Xudafərin (Khudaferin) is a town in the Jabrayil District of Azerbaijan. The town is near the Khudaferin Bridges and the border with Iran.

It was occupied by the Armed Forces of Armenia between 1993 and late 2020.

== History ==
The village was originally called Khudayarly after one of the four generations who lived in the village. During the World War II, part of the population moved and founded the village of Khalafli in the east. The rest of the village began to settle in the immediate vicinity of the Khudaferin bridge, and therefore the village began to be named Khudaferin.

During the years of the Russian Empire, the village of Khudayarly was part of Jabrayil district, Elizavetpol province.
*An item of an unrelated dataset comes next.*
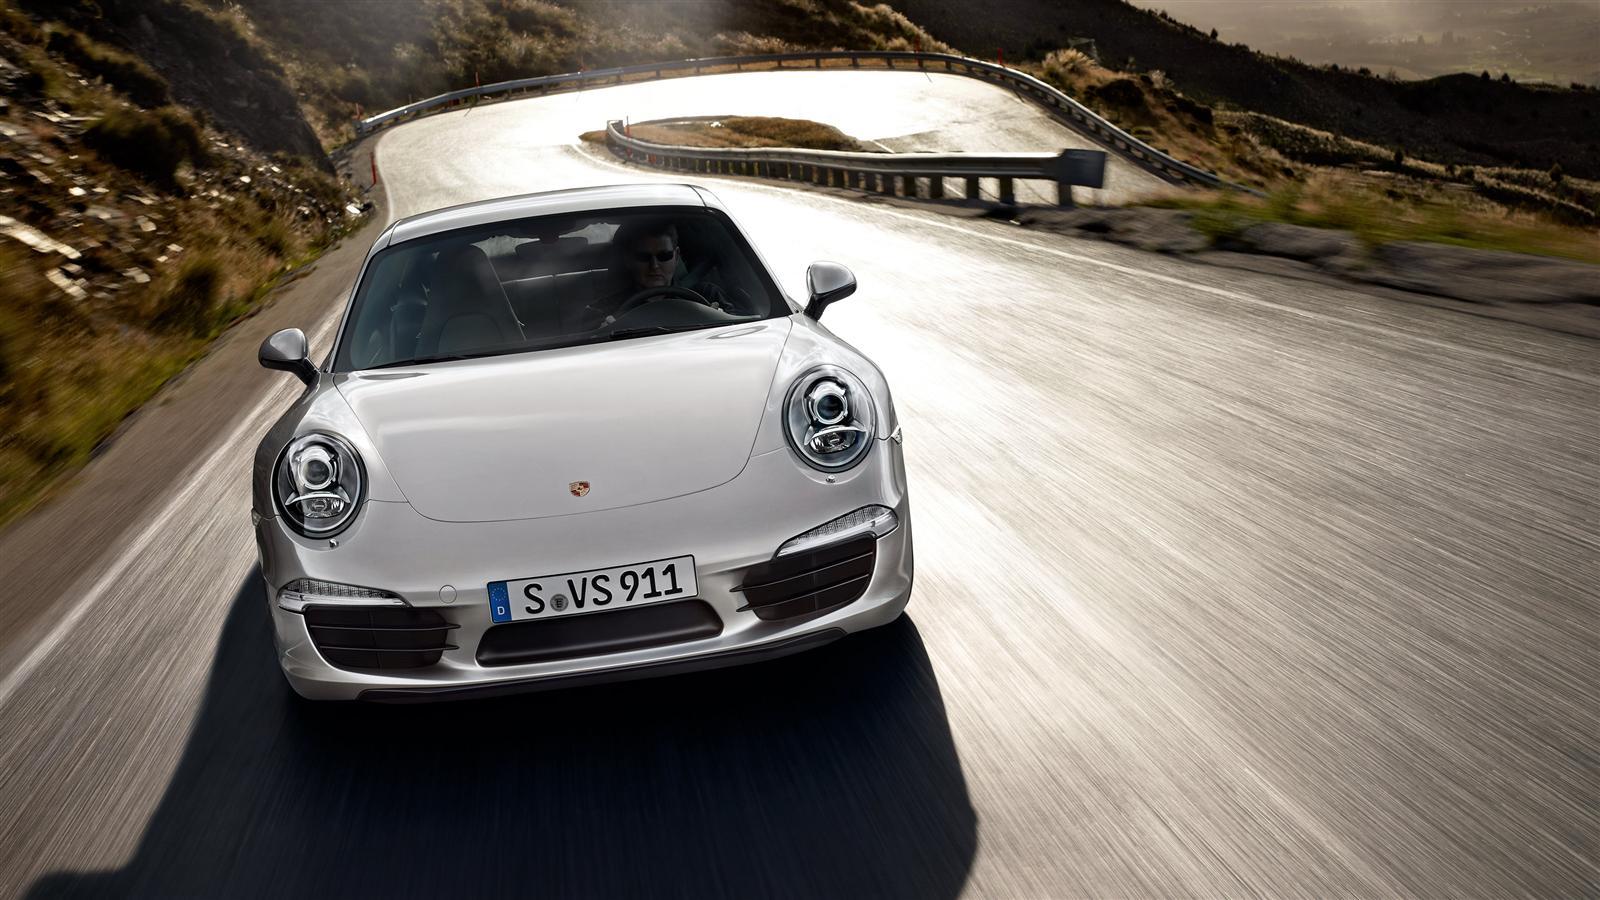 Porsche 911 Carrera /usite/1132/images/911_gal6.jpg

During the Soviet years, the village was part of Jabrayil district of Azerbaijan SSR. The town was captured by Armenian forces in the First Karabakh War and was destroyed.

On 18 October 2020, photos and videos of hoisting the Azerbaijani flag on the bridge by Azerbaijani military during the Second Karabakh War appeared on social media.

On 30 October 2020, the Ministry of Defence of Azerbaijan published a reportage from the village of Khudaferin.

== Geography ==
The village is located on the left bank of Araz River, at an altitude of about 295 m.

== Population ==
According to the “Code of statistical data of the Transcaucasian region population, extracted from the family lists of 1886”, in the village of Khudayarly of Kovshutli rural district, of Jabrayil district there were 27 dym where lived 129 Azerbaijanis (listed as “Tatars”), who were Shiites by religion and peasants.

According to the “Caucasian Calendar” for 1912, 157 people lived in the village of Khudayarly, Karyagin district, mostly Azerbaijanis, indicated in the calendar as “Tatars”.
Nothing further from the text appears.